Do you think the rise of foreign media outlets in Australia is good or bad? Why or why not?

I’m a globalist; despite the obvious downsides, overall anything that connects us to a larger humanity is good in my book. The more the merrier.

By some accounts, there are now two to three PR practitioners to every journalist in Australia. Can this be a good thing?

I gave a talk to a largish group of PR folks a while ago and the thing that struck me was the statistically improbable level of beauty in the room — with the exception of me, as I’m as ugly as a sack of smashed crabs.

They wanted to know why they, being smart people, were not better represented in boardrooms.

I opined that as long as attractiveness appeared to be a criterion for employment, the industry would be consigned to being viewed as the cute blonde who pops into the boardroom to talk about the Christmas party.
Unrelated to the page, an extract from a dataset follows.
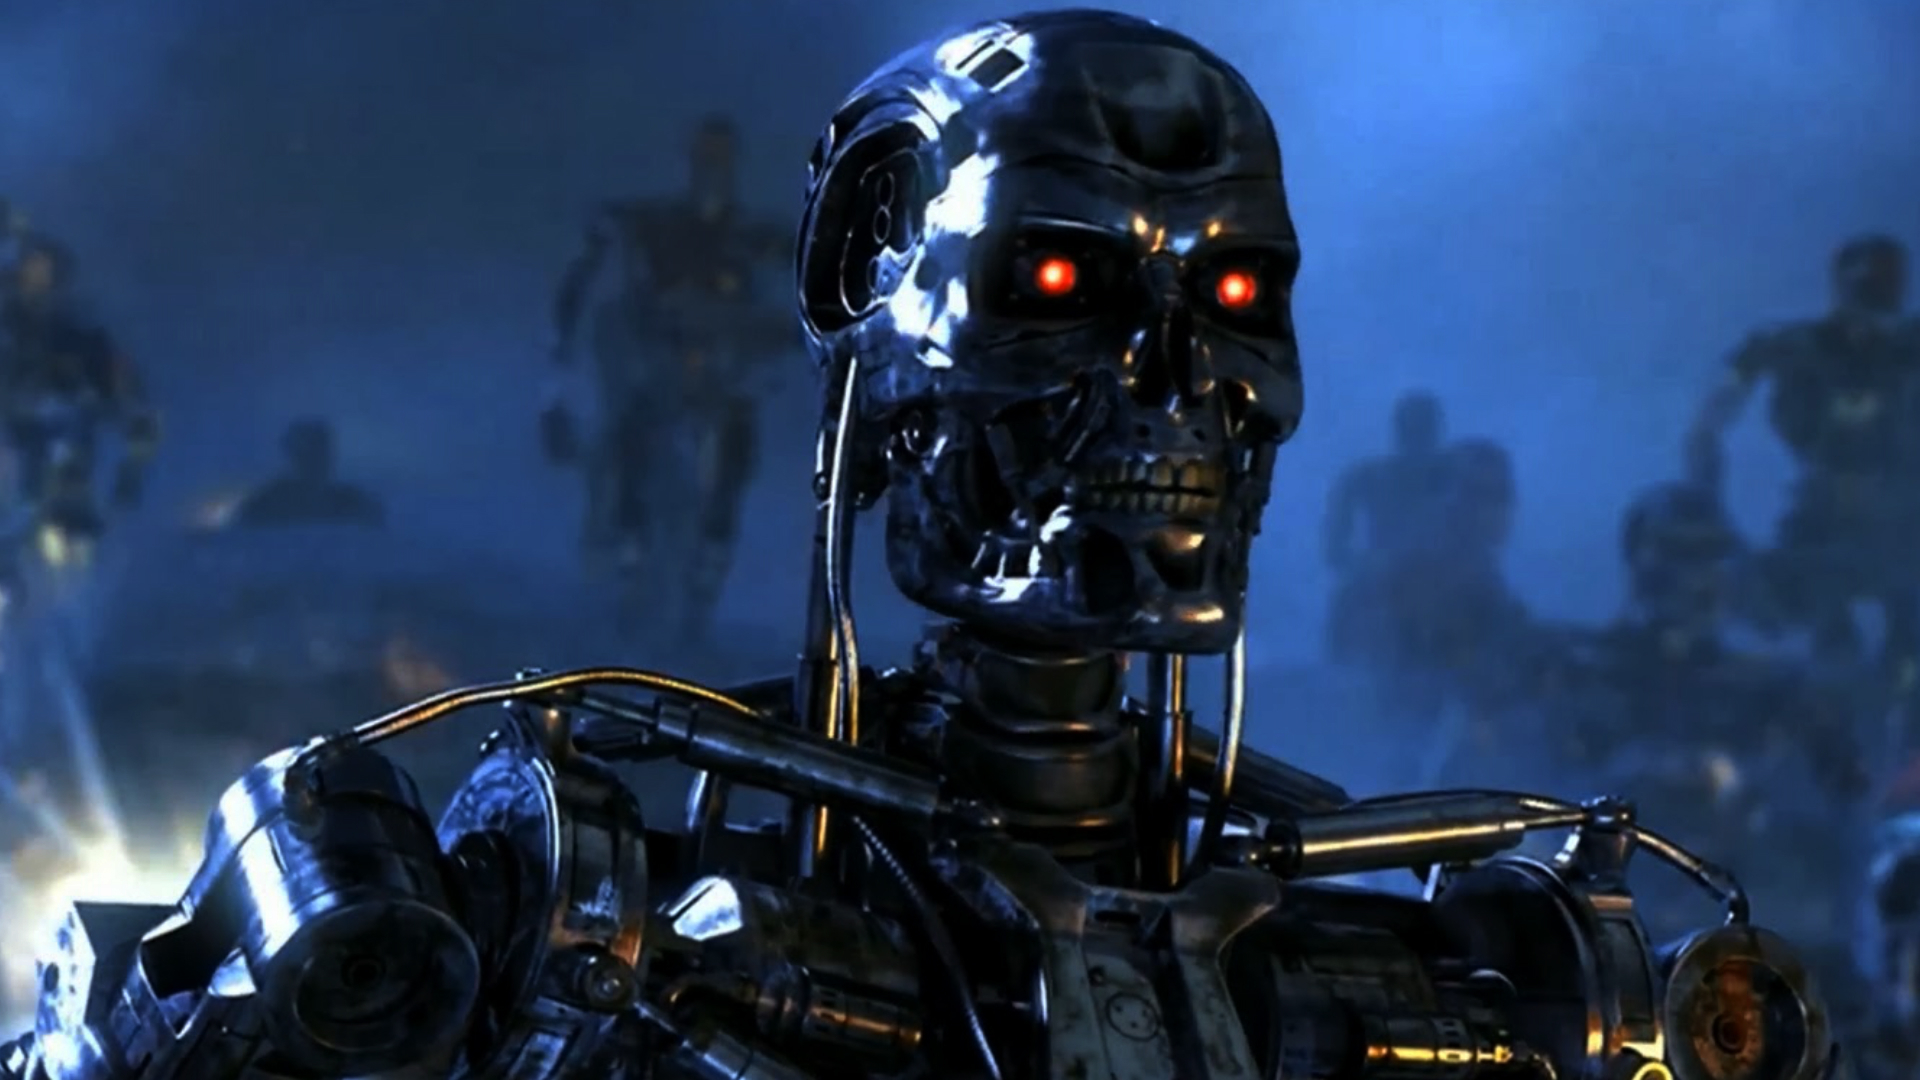 1920x1080 350+ Terminator HD Wallpapers and Backgrounds

No applause for Toby that day.

Does it matter that they outnumber journalists three to one? Not really. What matters is that there’s not enough money in media to fund enough good journalists. What’s more, unprofitable print does the financial heavy lifting of story generation for air [broadcast] media to pirate, which is a serious structural problem for the media industry.
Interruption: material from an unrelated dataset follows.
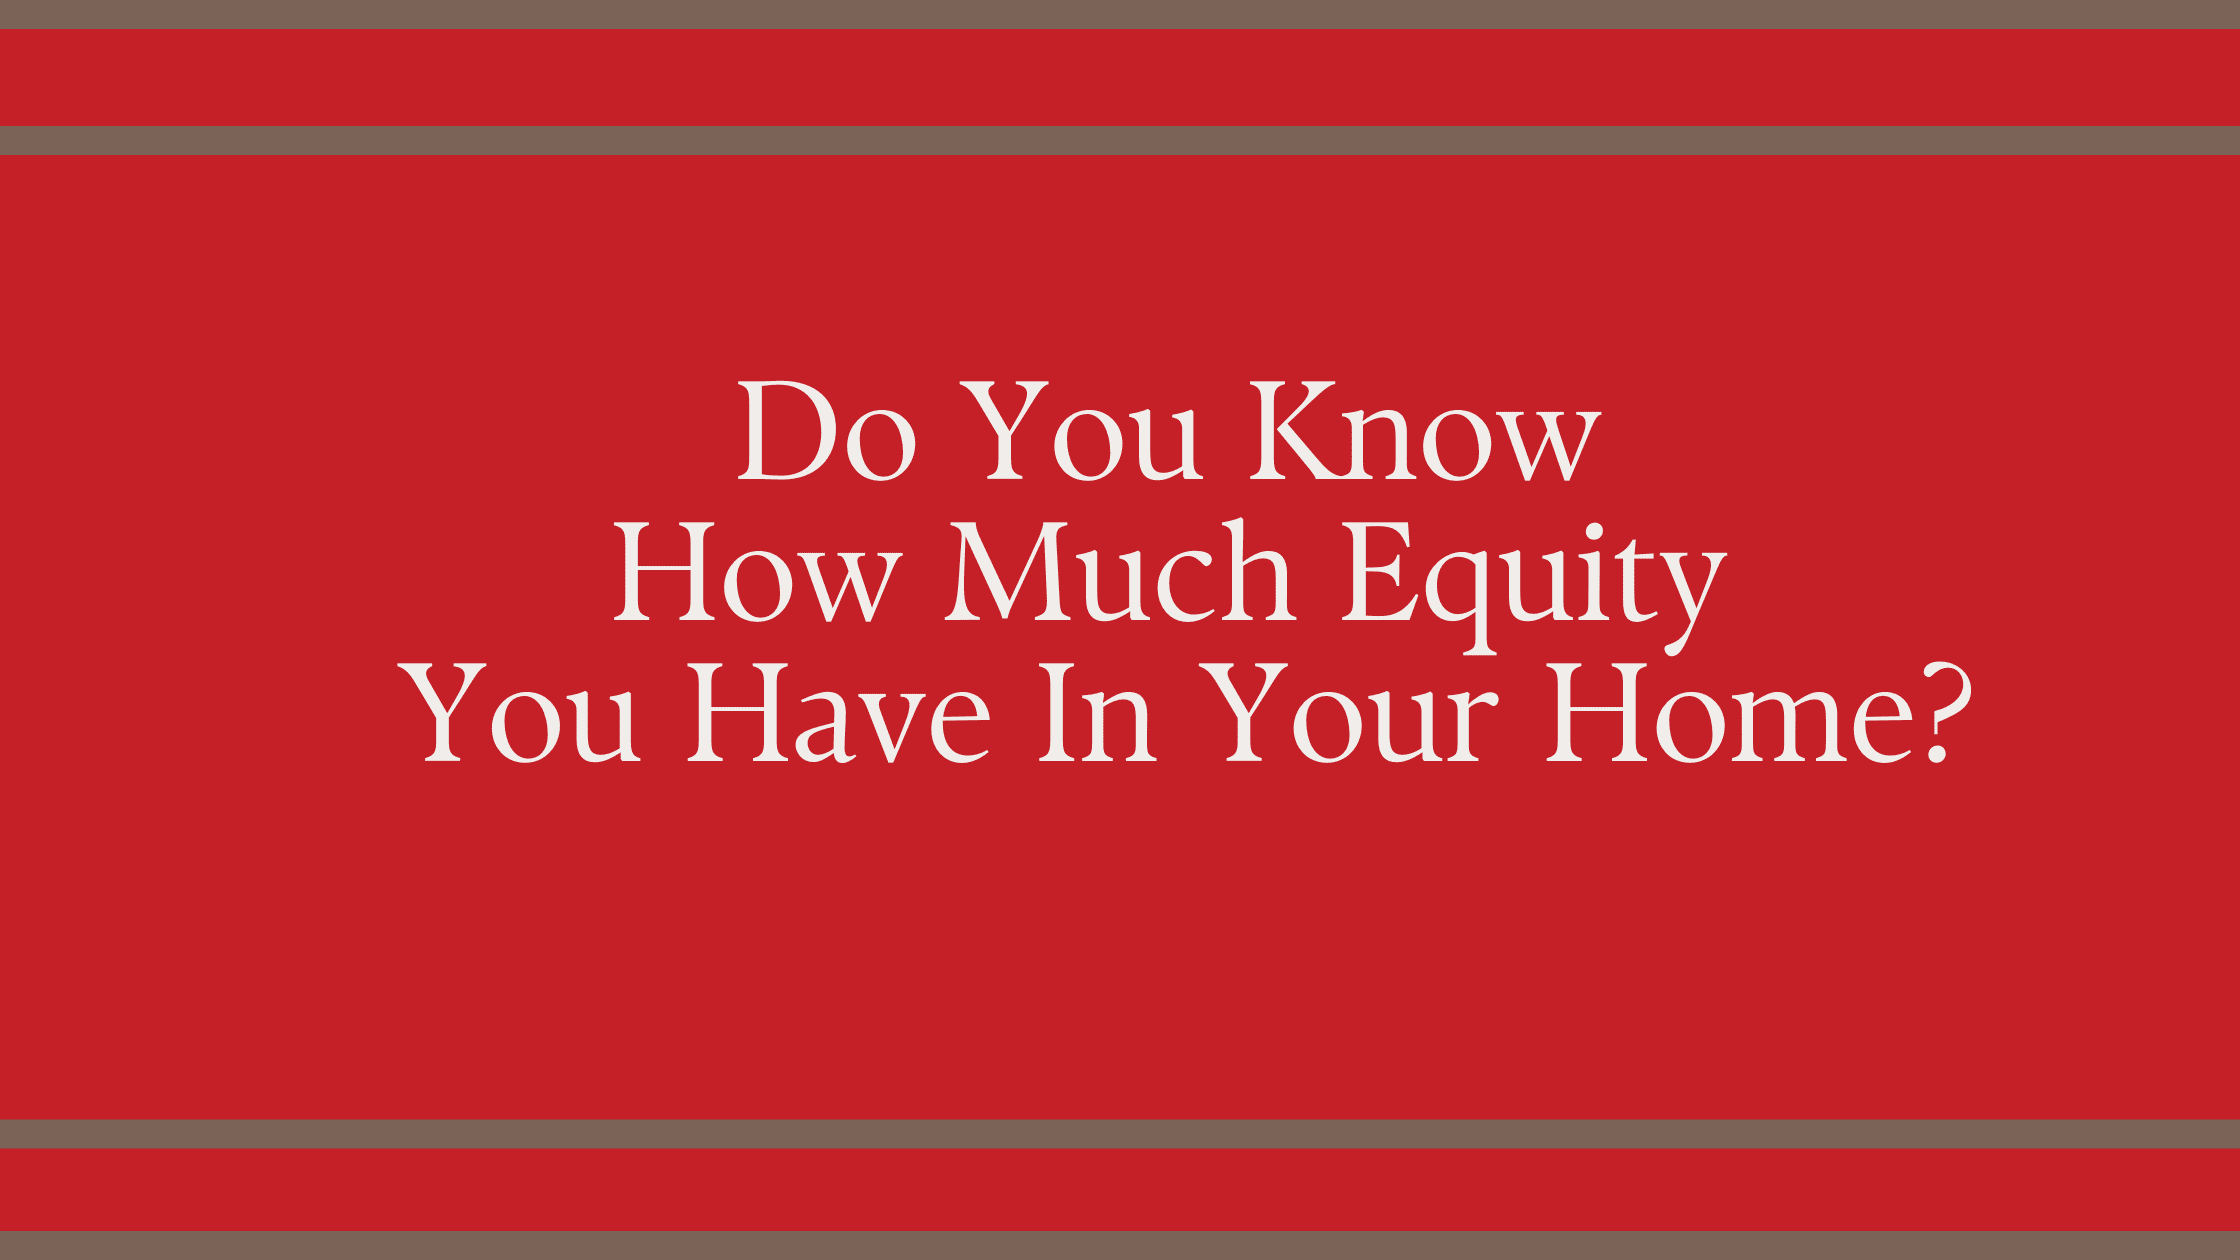 Do you know how much equity you have

Over the past 15 years, have perceptions about advertising changed? Why or why not?

We’ve moved past the era of successful puffery in advertising. We’ve moved past the era of simple entertainment in advertising.

People know how to decode advertising. They know the celebrity is getting paid and doesn’t use the product. They know that if you’ve got nothing to say, you sing it, so they are cynical about jingles. They know that they won’t look like the models in the ad just by drinking that product.

If a large company claims “You’ve got a friend”, consumers increasingly decode the real message to be that their customer service is crap; when a corporation claims to care, consumers invariably assume they don’t.

They know full well that companies tend to advertise their failings.

•             ANZ: “We live in your world.” — Since when was I trousering $20,000,000 a day?

•             McDonald’s: “I’m lovin’ it.” — Really?

•             Western Australia: “State of excitement.” Need I say more?

Now we’ve got a society that isn’t looking for entertainment. They are busy, they have access to more information than ever before, and they expect to be treated like an individual, not part of a target market. They are zapping commercials, blocking out spam, hanging up on telemarketers and putting “no junk mail” stickers on their letterboxes.

They increasingly respond to conversations, not broadcasts, and new media is getting closer to truly permitting this.

Mark Twain said one should never pick a fight with those who buy ink by the barrel. Is that era over? Why or why not?

A more contemporary version may involve pushing prose by the petapixel, but the principle of not brawling with those that shape public opinion remains common sense.